(Work task) Among the entries that follow, locate the line with "Кресло офисное Метта" and the line with "Ngày 16/4: Có". Output those lines and all lines in between, exactly, minus the pictures.

(Dataset content)
━━━━━━━━━━━━━━━━

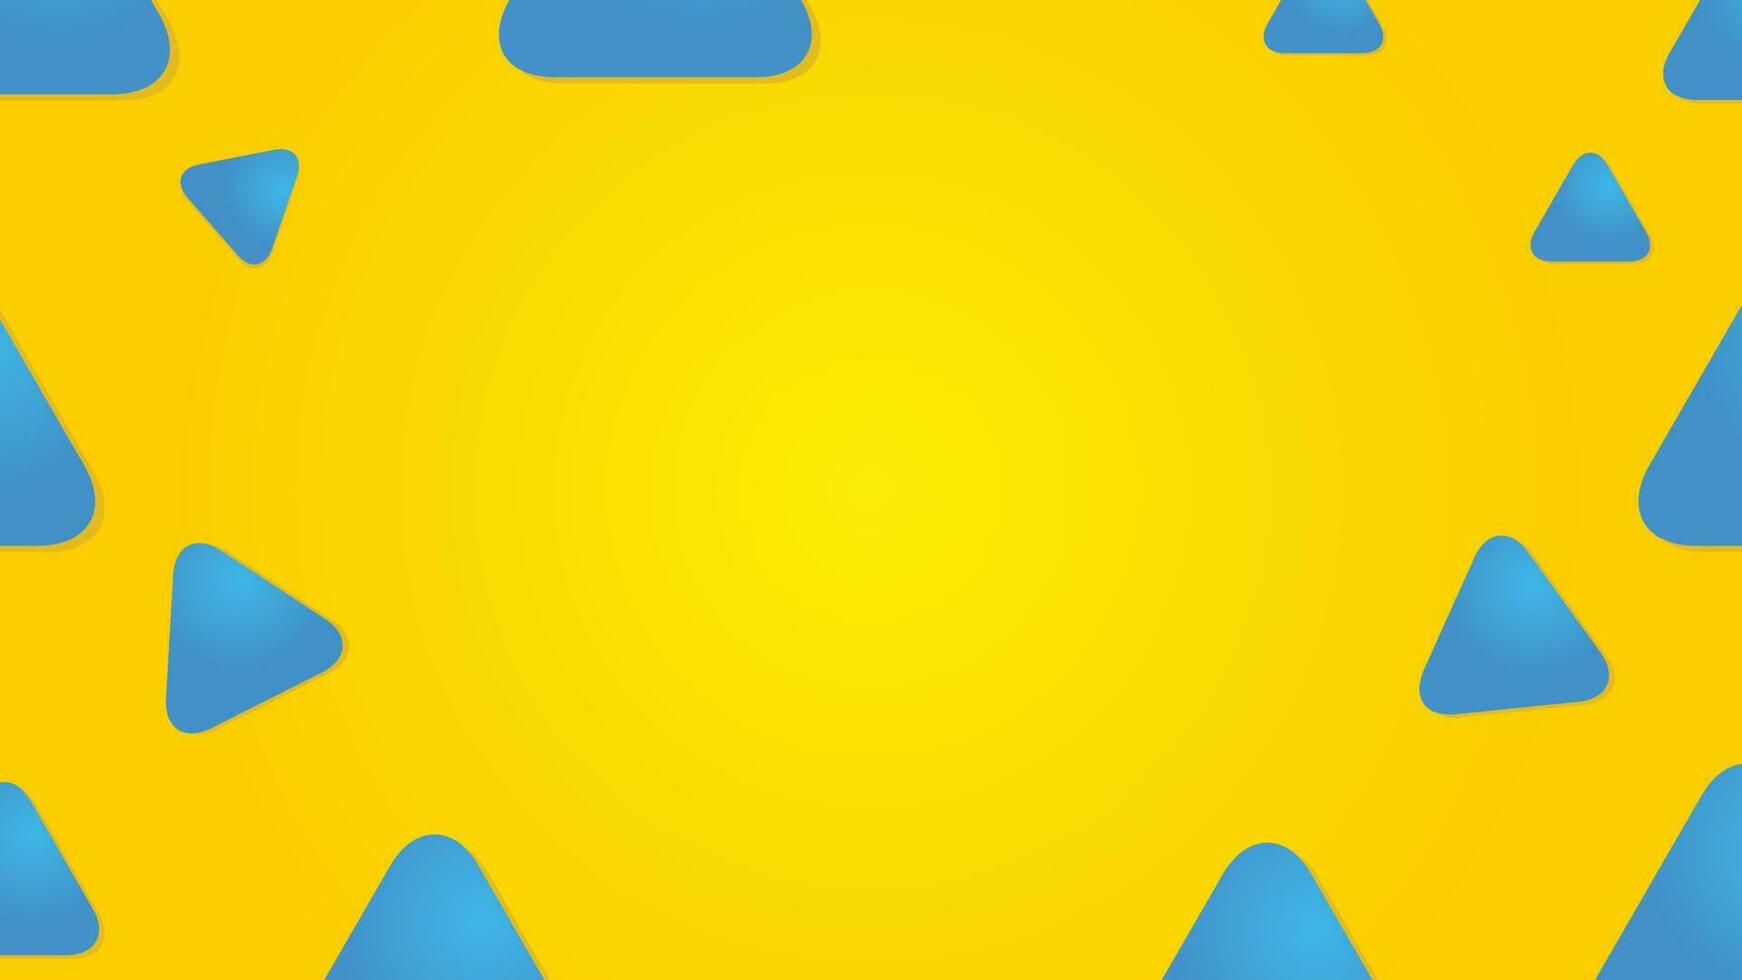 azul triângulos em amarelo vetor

━━━━━━━━━━━━━━━━

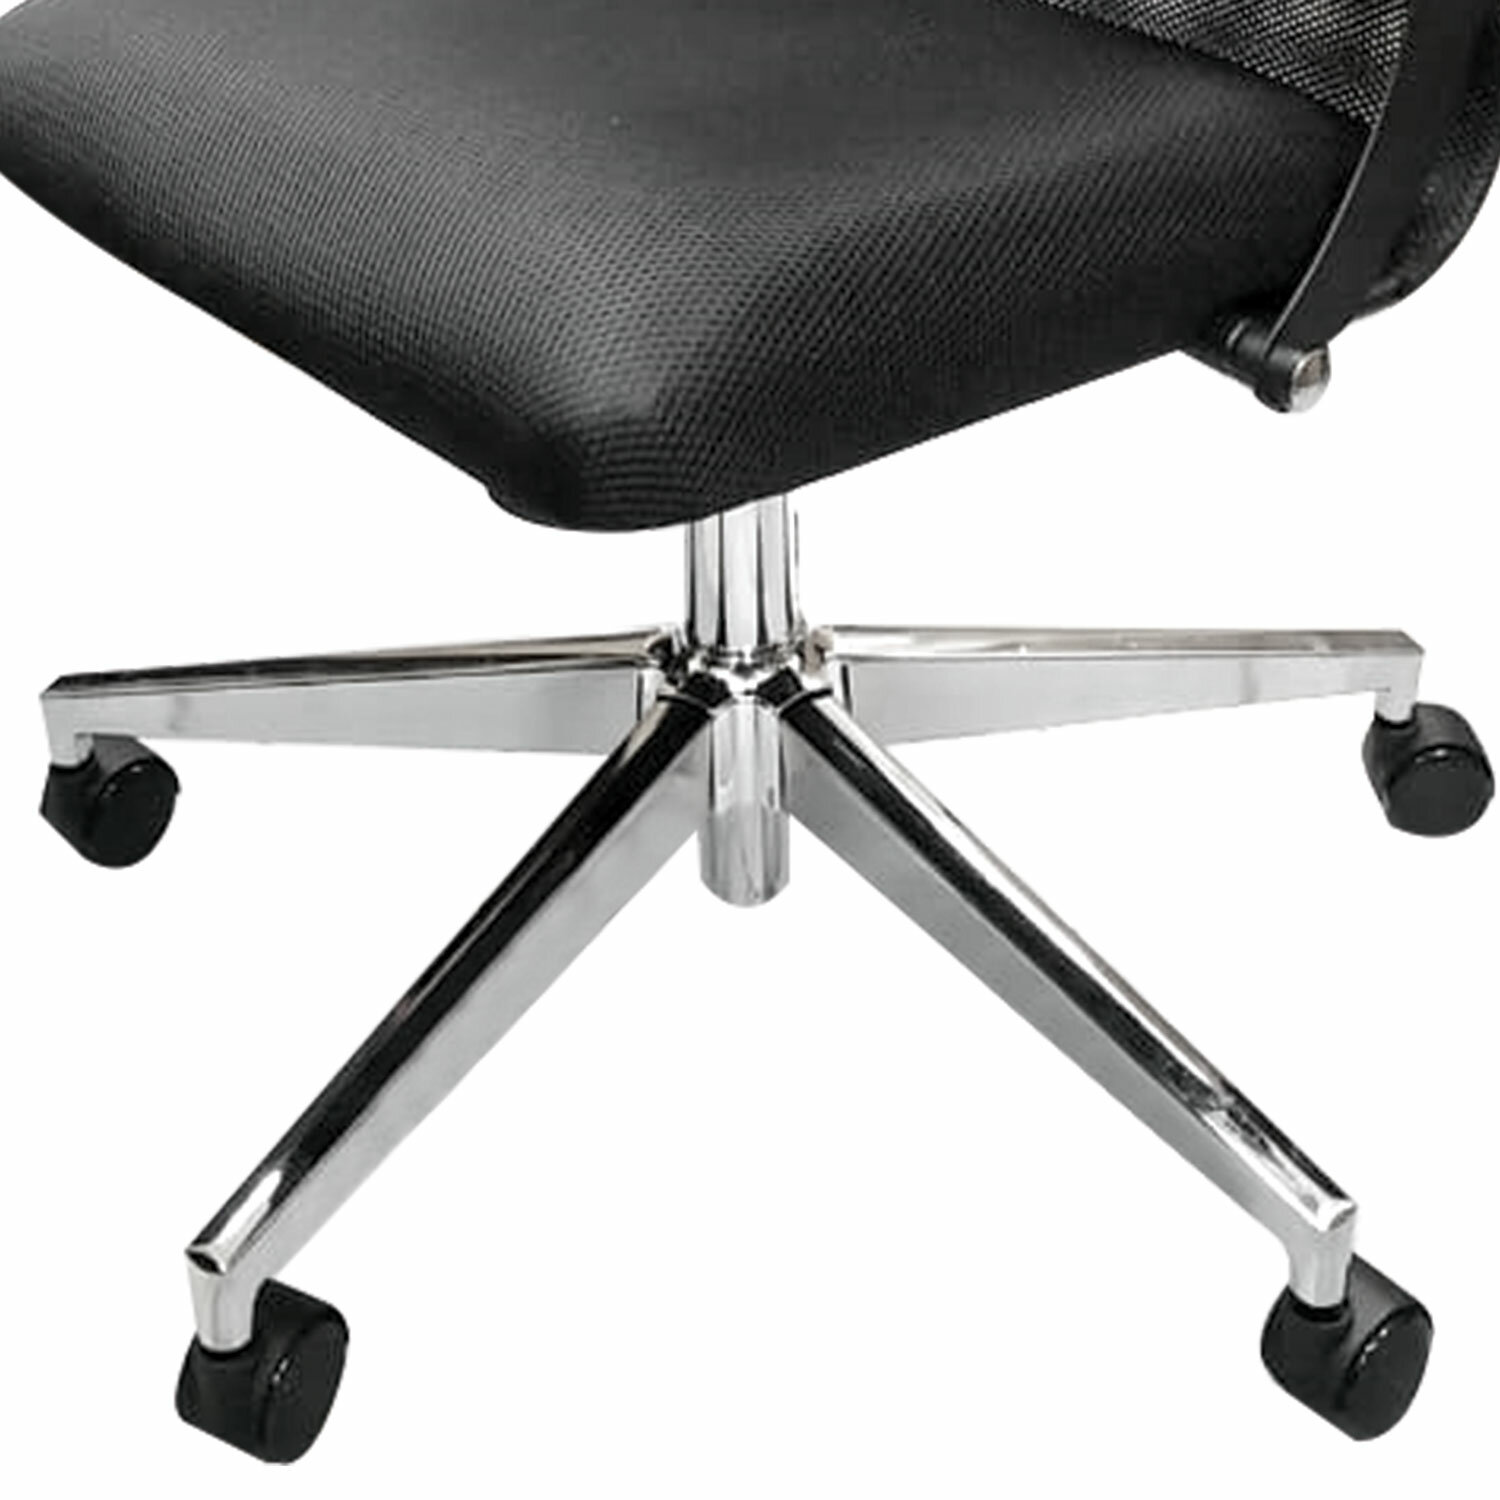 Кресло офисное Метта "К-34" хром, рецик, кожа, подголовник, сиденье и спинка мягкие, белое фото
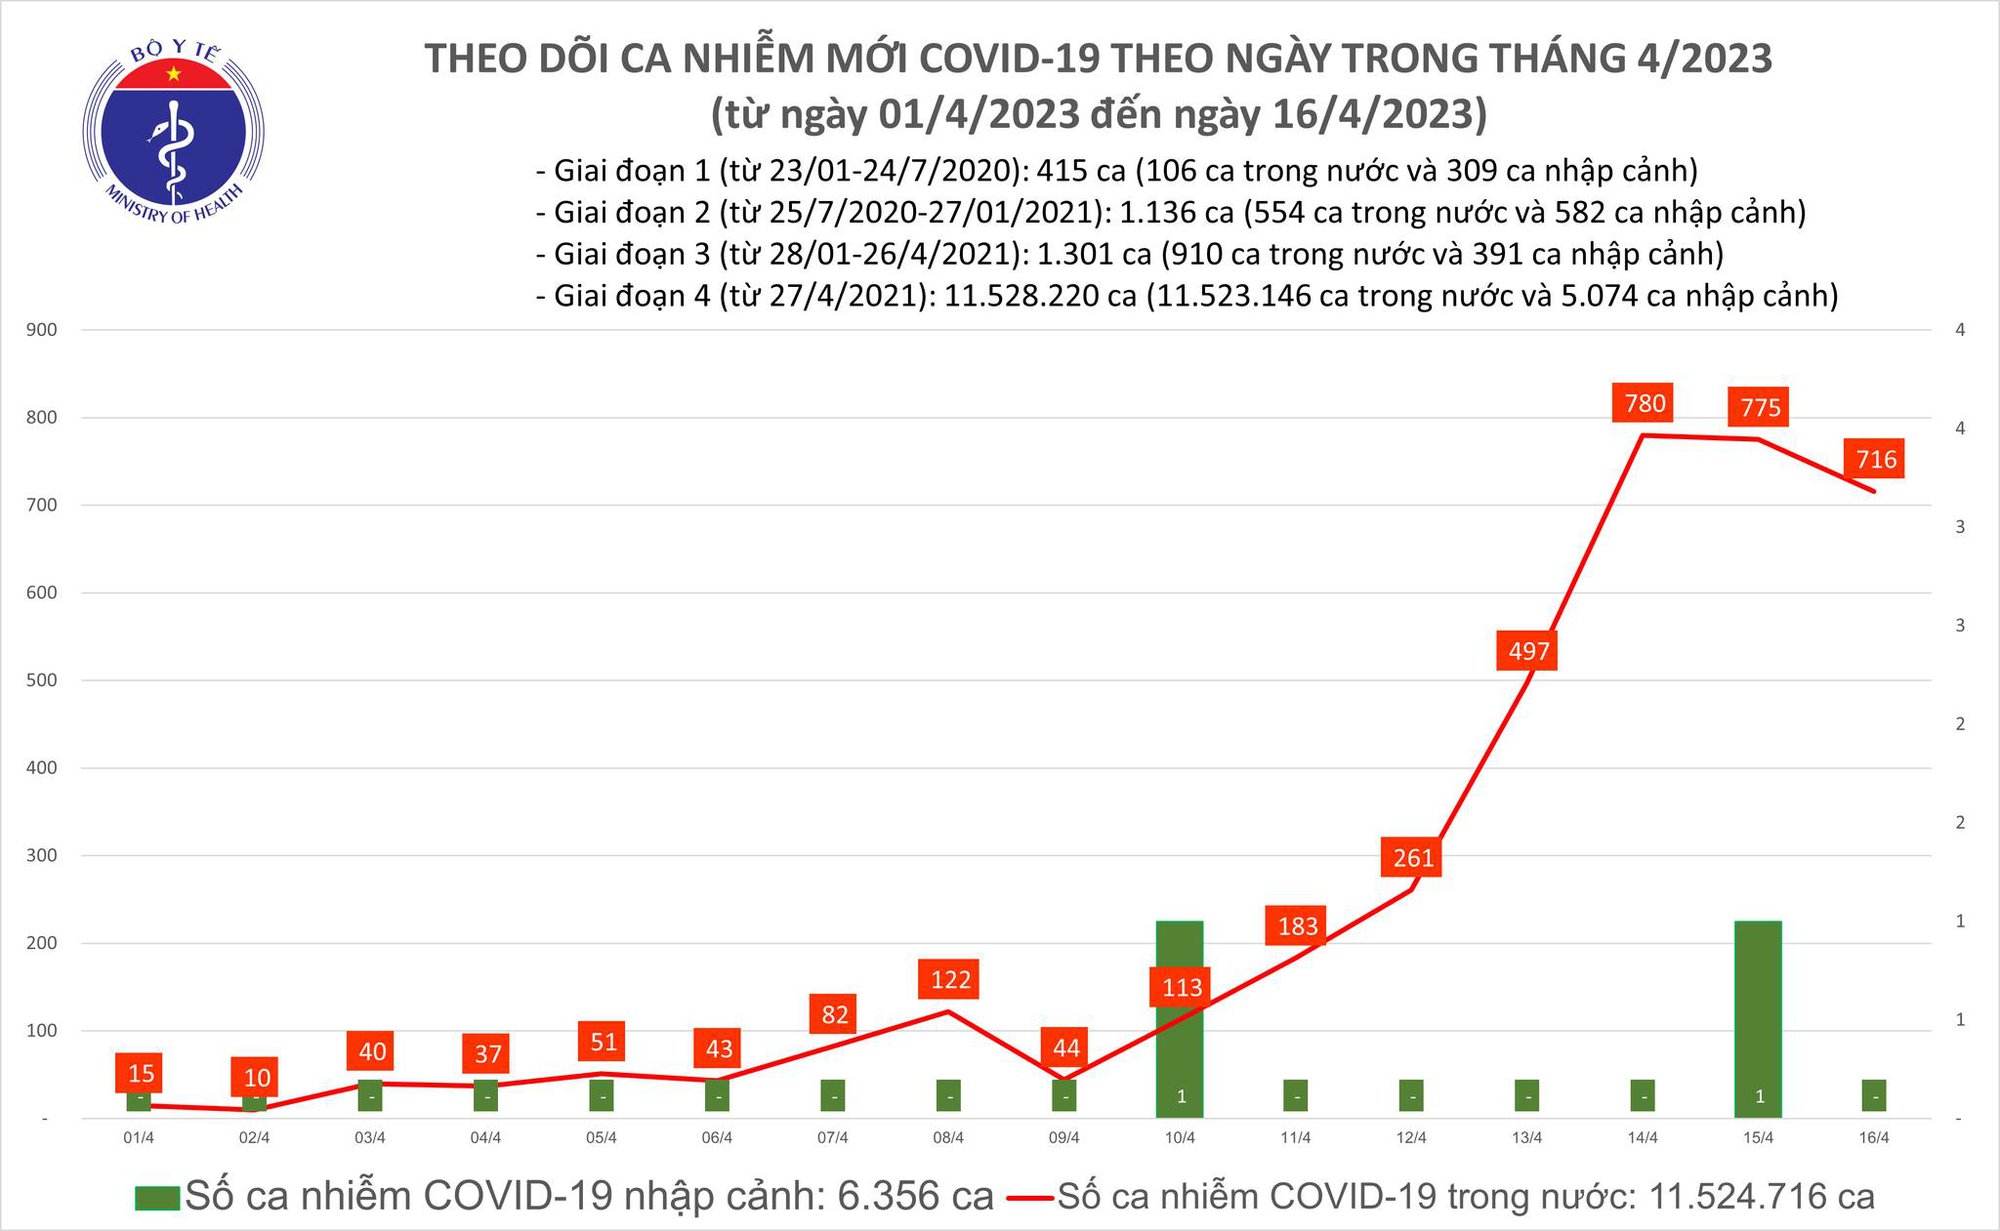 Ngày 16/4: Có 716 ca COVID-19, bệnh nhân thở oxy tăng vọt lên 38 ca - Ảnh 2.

━━━━━━━━━━━━━━━━

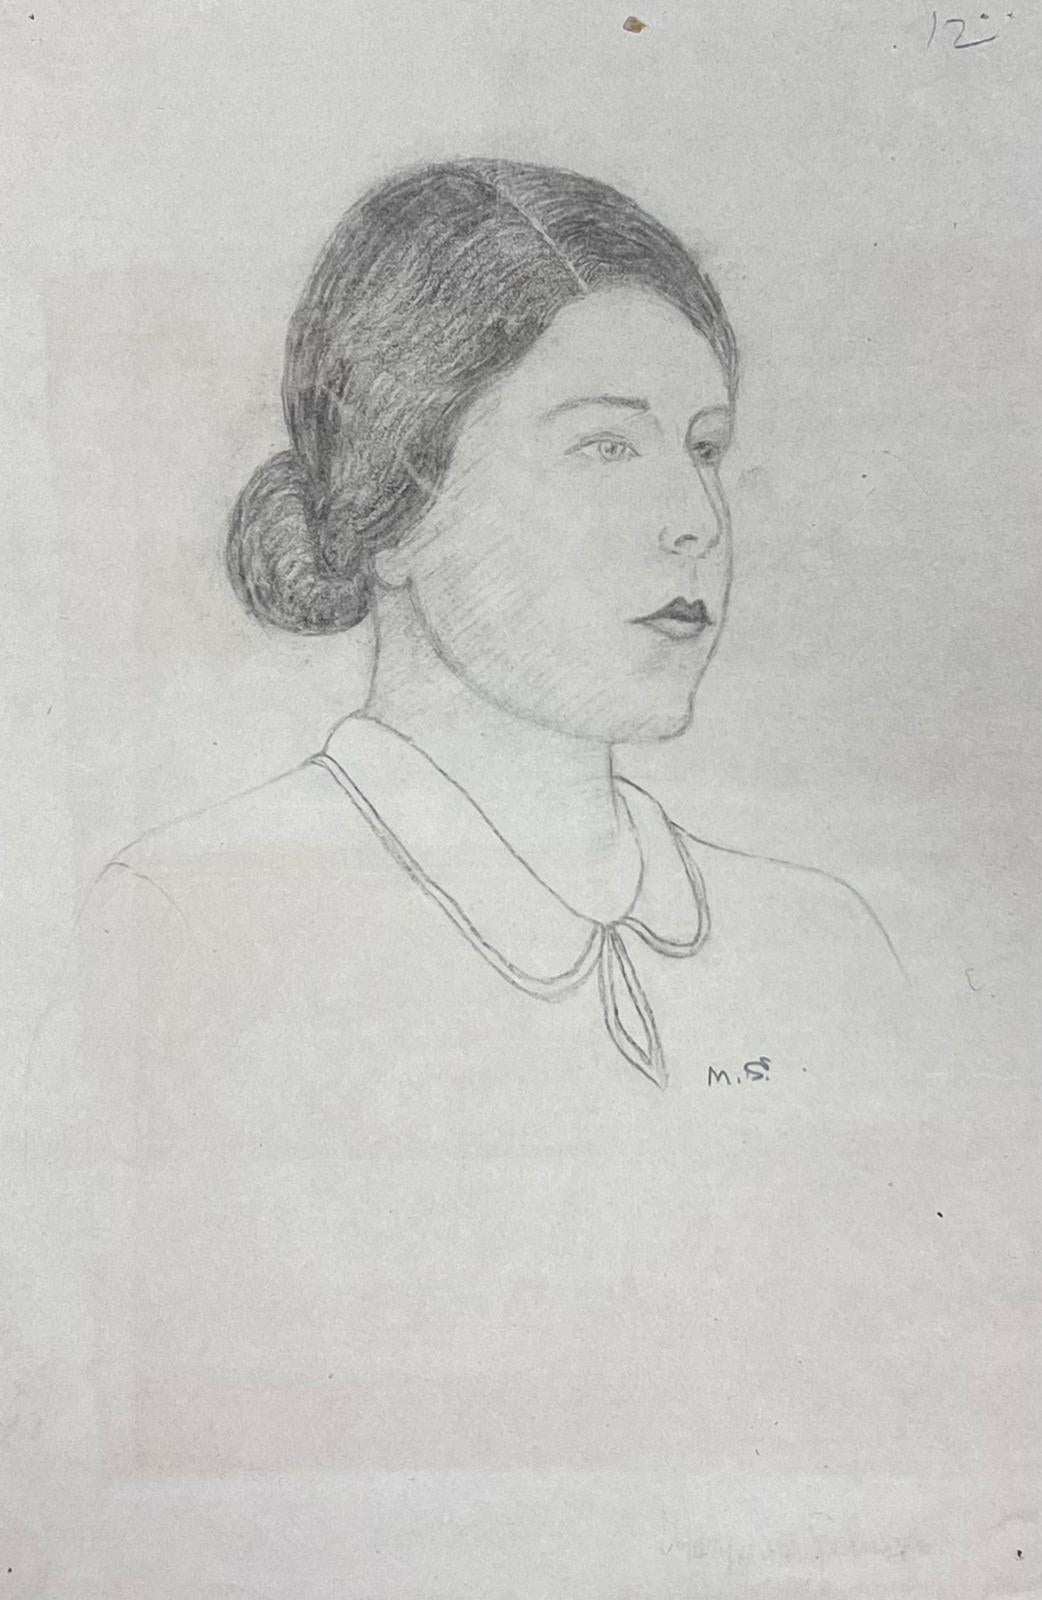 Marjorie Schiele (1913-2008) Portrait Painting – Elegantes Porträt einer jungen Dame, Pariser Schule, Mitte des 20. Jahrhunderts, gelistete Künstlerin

━━━━━━━━━━━━━━━━

(Result)
 Кресло офисное Метта "К-34" хром, рецик, кожа, подголовник, сиденье и спинка мягкие, белое фото
 Ngày 16/4: Có 716 ca COVID-19, bệnh nhân thở oxy tăng vọt lên 38 ca - Ảnh 2.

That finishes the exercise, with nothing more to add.